United States District Court, E.D. Pennsylvania

June 11, 2015

BARBIE SPEAR, et al. Plaintiffs,
v.
WESTFIELD INSURANCE COMPANY Defendant.

OPINION

RICHARD A. LLORET U.S. Magistrate Judge

Defendant, the Westfield Insurance Company (“Westfield”), has filed a Motion for Judgment on the Pleadings, asking me to dismiss a breach of contract claim filed by Barbie Spear and Alliance Holdings, Inc. Employee Stock Ownership Program (“Plaintiffs”). See Motion for Judgment on the Pleadings, Doc. No. 9; Brief in Support of Motion for Judgment on the Pleadings [“Def. Br.”], Doc. No. 9-2. Westfield argues that Plaintiffs’ breach of contract claim is time-barred based on the terms of the issued policy. See Def. Br. at 1-2. Plaintiffs argue that granting a motion for judgment on the pleadings would be premature at this stage of the litigation. See Plaintiffs’ Memorandum of Law in Opposition to Motion for Judgment on the Pleadings [“Pl. Br.”], Doc. No. 13, at 5-6.

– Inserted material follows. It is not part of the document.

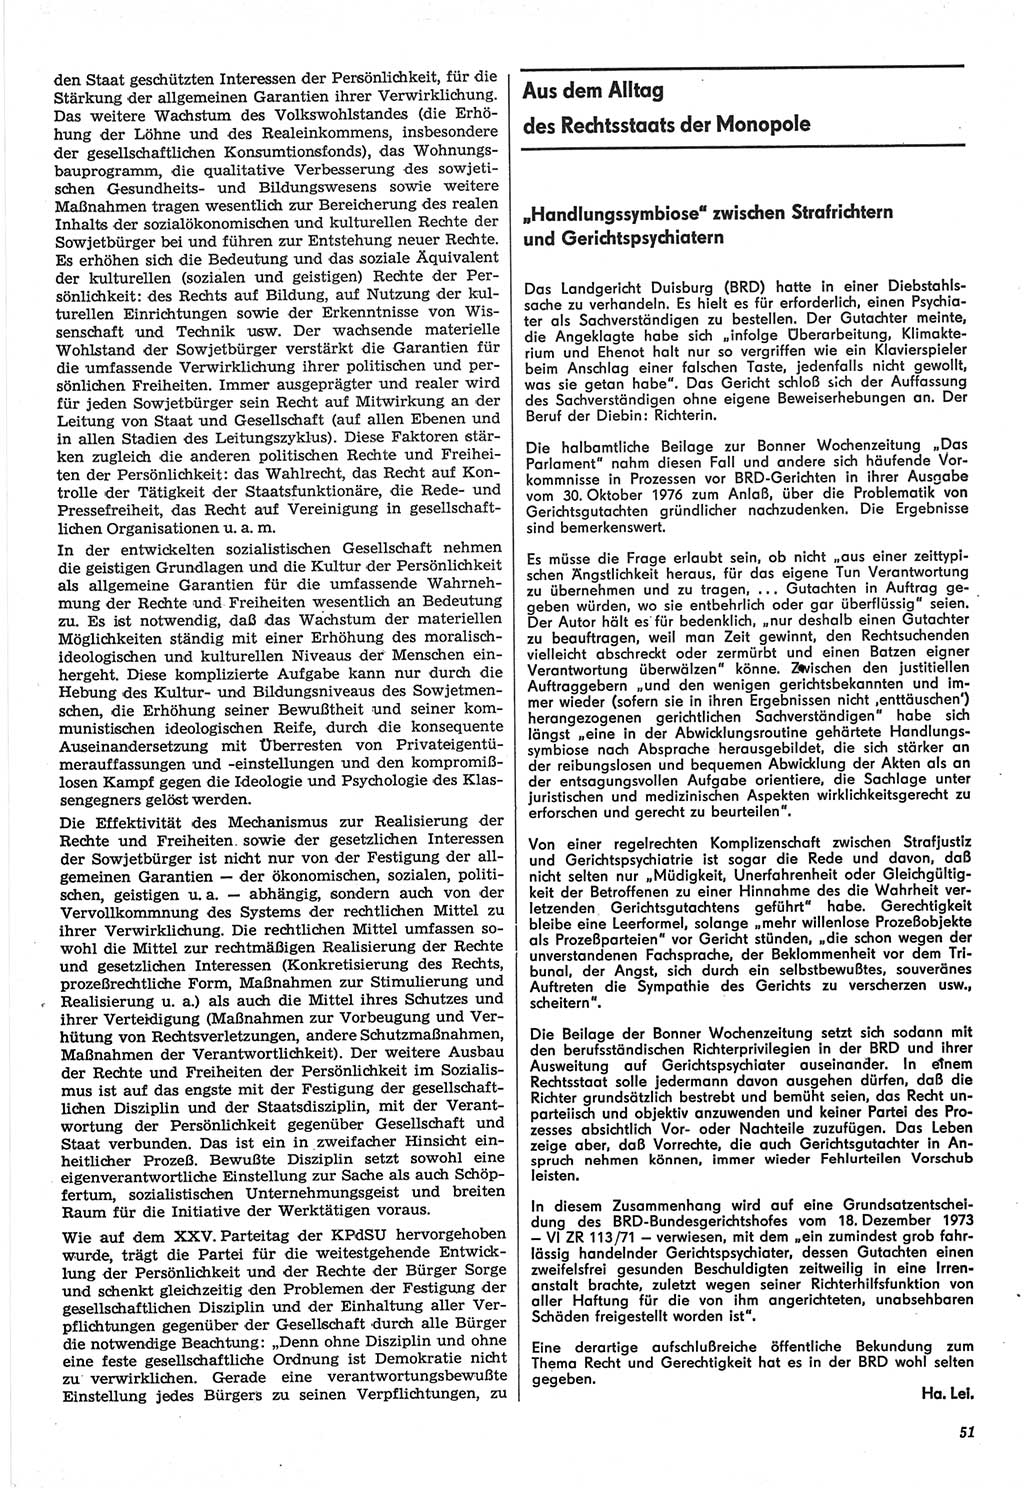 Neue Justiz (NJ), Zeitschrift für Recht und Rechtswissenschaft-Zeitschrift, sozialistisches Recht und Gesetzlichkeit, 31. Jahrgang 1977, Seite 51 (NJ DDR 1977, S. 51)

After careful review, I will deny Westfield’s motion.

I. Factual Background

This dispute arises out of an employee theft and forgery policy that the Alliance Holdings, Inc. Employee Stock Ownership Program (“ESOP”) purchased from Westfield. Covering a period of three years from December 1, 2010 to December 1, 2013, [1] the policy insures for up to $1, 000, 000.00 any theft, forgery, or alteration committed by an employee of the insured. See Doc. No. 1, 37-38.[2] The Plaintiffs initiated this action by filing a Writ of Summons in the Pennsylvania Court of Common Pleas in Philadelphia County on October 30, 2014. Doc. No. 1, at 57 (docket sheet for Barbie Spear, et. al. v. Westfield Ins. Co., No. 3872, Oct. Term (C.C.P. Phila. 2014)). The Plaintiffs filed a formal Complaint on January 30, 2015 and Westfield removed this action to federal court on February 6, 2015. See Def. Br. at 2.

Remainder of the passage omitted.